Employing Perl and Typical Expressions to Process Html Files – Component two

In this short article we will discuss how to transform the contents of an HTML file by jogging a Perl script on it.

The file we are likely to method is termed file1.htm:

Notice: To make certain that the code is exhibited correctly, in the example code demonstrated in this short article, sq. brackets ‘[..]’ are utilized in HTML tags alternatively of angle brackets ”.

[html]
[head]Employing Perl and Typical Expressions to Process Html Files – Component 2Sample HTML File[/title]
[connection rel=”stylesheet” variety=”text/css” rel=”nofollow” onclick=”javascript:ga(‘send’, ‘pageview’, ‘/outgoing/short article_exit_connection/362029’)” href=”design.css”]
[/head]
[body]
[h1]Introduction[/h1]
[p]Welcome to the earth of Perl and normal expressions[/p]
[h2]Programming Languages[/h2]
[table border=”1″ width=”400″]
[tr][th colspan=”two”]Programming Languages[/th][/tr]
[tr][td]Language[/td][td]Normal use[/td][/tr]
[tr][td]JavaScript[/td][td]Client-side scripts[/td][/tr]
[tr][td]Perl[/td][td]Processing HTML documents[/td][/tr]
[tr][td]PHP[/td][td]Server-side scripts[/td][/tr]
[/table]
[h1]Summary[/h1]
[p]JavaScript, Perl, and PHP are all interpreted programming languages.[/p]
[/body]
[/html]

Picture that we need to have to transform each occurrences of [h1]heading[/h1] to [h1 course=”massive”]heading[/h1]. Not a massive transform and some thing that could be simply carried out manually or by carrying out a simple research and switch. But we’re just getting begun listed here.

To do this, we could use the next Perl script (script1.pl):

1 open (IN, “file1.htm”)
two open (OUT, “>new_file1.htm”)
three whilst ($line = [IN])
4 $line =~ s/[h1]/[h1 course=”massive”]/
five (print OUT $line)
6
7 near (IN)
8 near (OUT)

Notice: You you should not need to have to enter the line numbers. I’ve included them merely so that I can reference individual traces in the script.

Let us search at each individual line of the script.

Line 1
In this line file1.htm is opened so that it can be processed by the script. In order to method the file, Perl employs some thing termed a filehandle, which presents a variety of connection concerning the script and the functioning method, containing facts about the file that is staying processed. I’ve termed this “opening” filehandle ‘IN’, but I could have utilized everything in rationale. Filehandles are ordinarily in capitals.

Line two
This line produces a new file termed ‘new_file1.htm’, which is composed to by employing another filehandle, OUT. The ‘>’ just right before the filename indicates that the file will be composed to.

Line three
This line sets up a loop in which each individual line in file1.htm will be examined individually.

Line 4
This is the normal expression.
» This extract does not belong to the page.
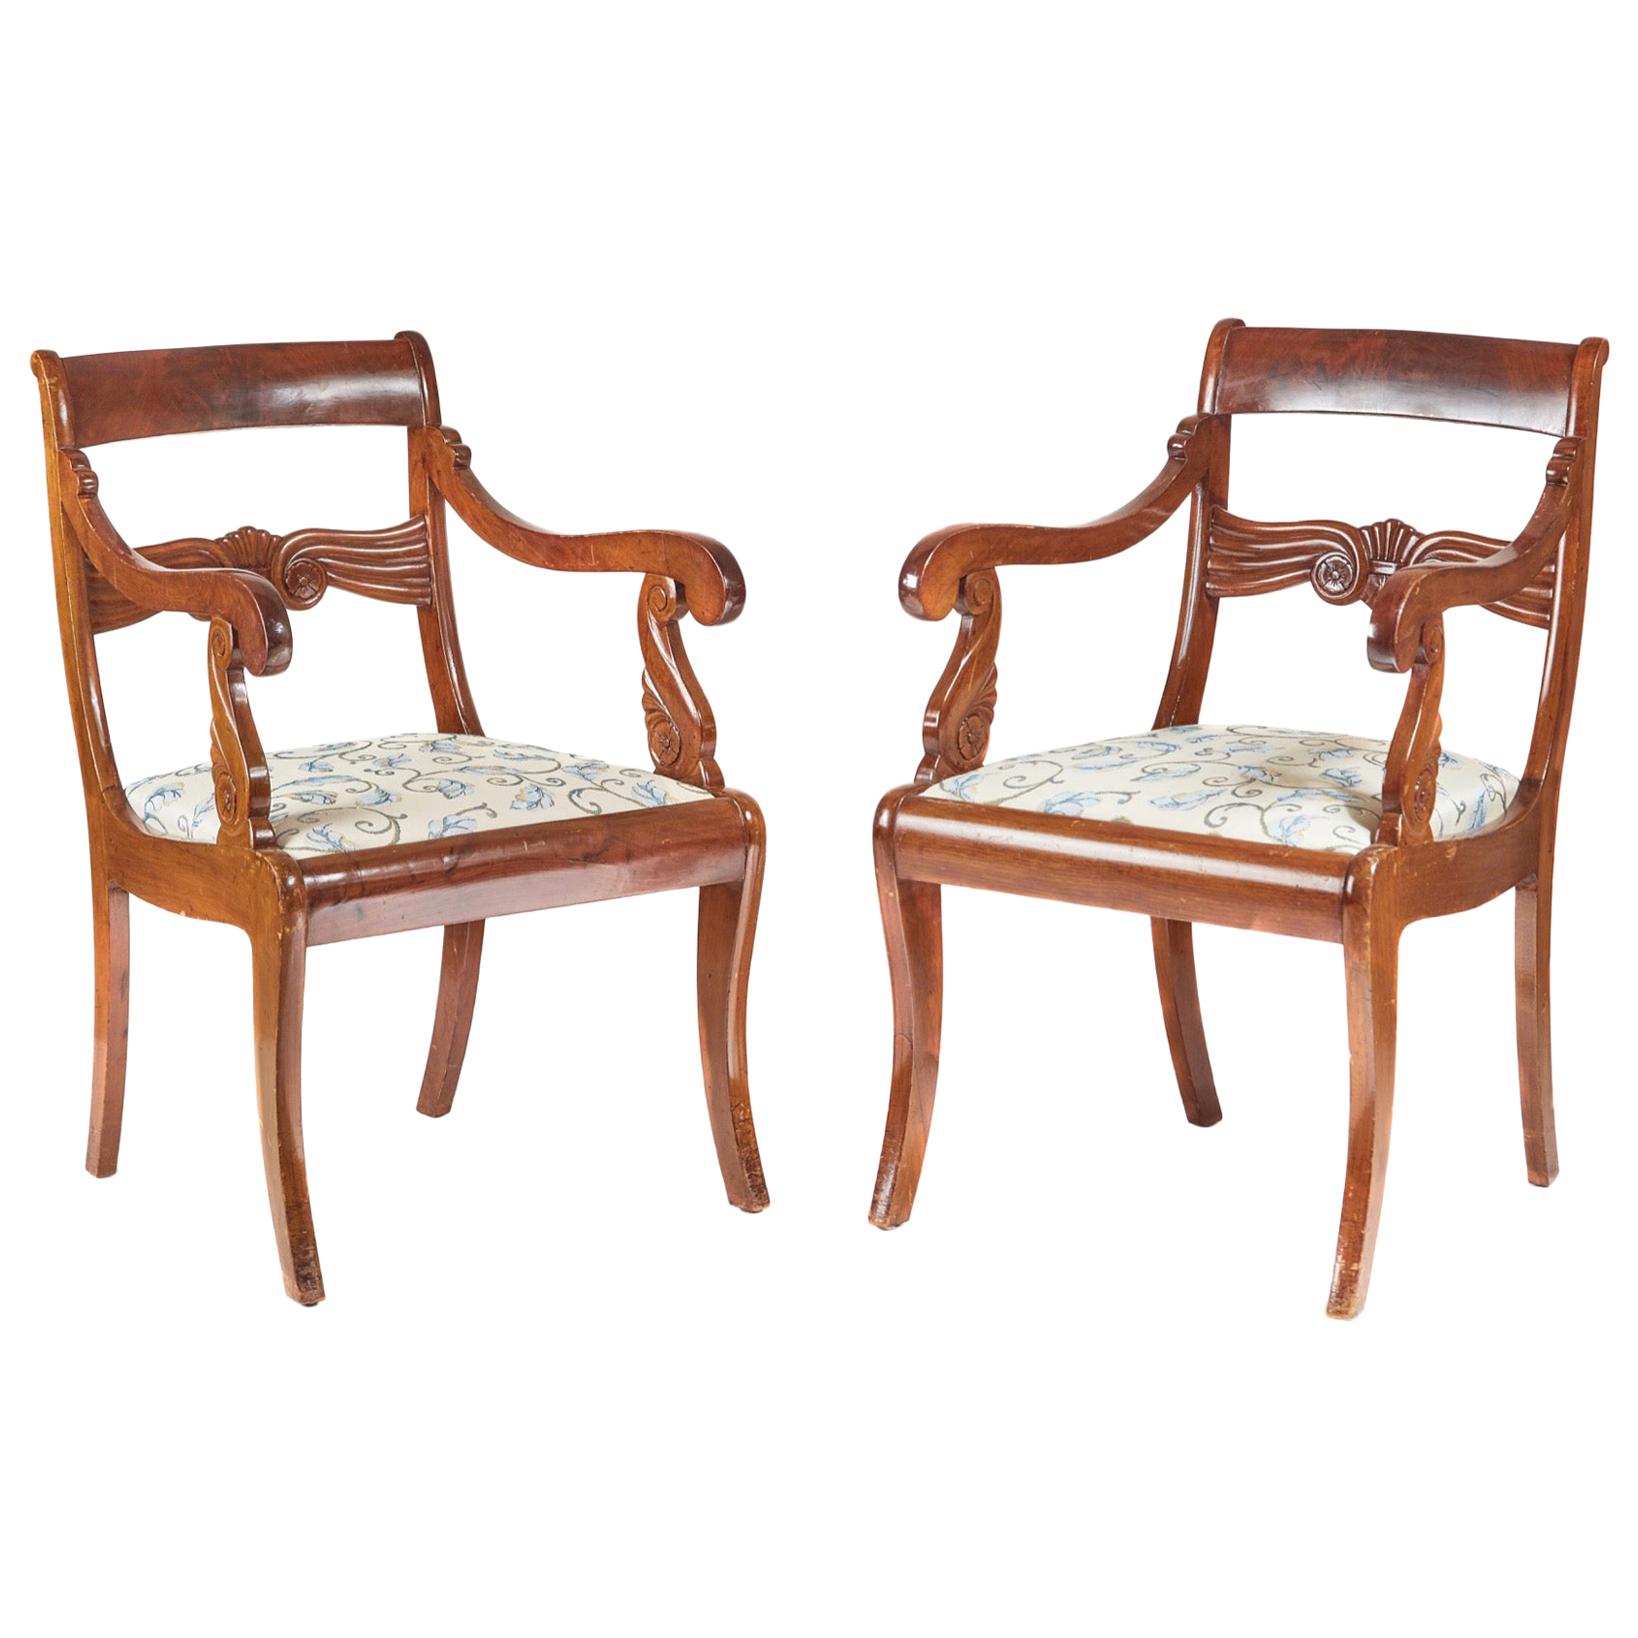 Antique Pair of French Mahogany Carver Chairs, circa 1880

It searches for 1 occurrence of [h1] on each individual line of file1.htm and, if it finds it, changes it to [h1 course=”massive”].

Seeking at Line 4 in far more detail:

    • $line – This is a variable that consists of a line of text. It gets modified if the substitution is productive.
    • =~ is termed the comparison operator.
    • s is the substitution operator.
    • [h1] is what wants to be substituted (changed).
    • [h1 course=”massive”] is what [h1] has to be altered to.

Line five
This line usually takes the contents of the $line variable and, via the OUT file take care of, writes the line to new_file1.htm.

Line 6
This line closes the ‘while’ loop. The loop is repeated until all the traces in file1.htm have been examined.

Traces 7 and 8
These two traces near the two file handles that have been utilized in the script. If you missed off these two traces the script would nonetheless perform, but it can be good programming observe to near file handles, as a result liberating up the file take care of names so they can be utilized, for example, by another file.

Managing the Script

As the intent of this short article is to make clear how to use normal expressions to method HTML documents, and not automatically how to use Perl, I you should not want to invest too extended describing how to operate Perl scripts. Suffice to say that you can operate them in different methods, for example, from in a text editor such as TextPad, by double-clicking the perl script (script1.pl), or by jogging the script from an MS-DOS window.

(The location of the Perl interpreter will need to have to be in your Path assertion so that you can operate Perl scripts from any location on your computer and not just from in the directory the place the interpreter (perl.exe) alone is put in.)

So, to operate our script we could open an MS-DOS window and navigate to the location the place the script and the HTML file are positioned. To hold daily life simple I’ve assumed that these two documents are in the identical folder (or directory). The command to operate the script is:

C:>perl script1.pl

If the script does perform (and ideally it will), a new file (new_file1.htm) is produced in the identical folder as file1.htm. If you open the file you are going to see the the two traces that contained [h1] tags have been modified so that they now browse [h1 course=”massive”].

In Component three we will search at how to take care of various documents.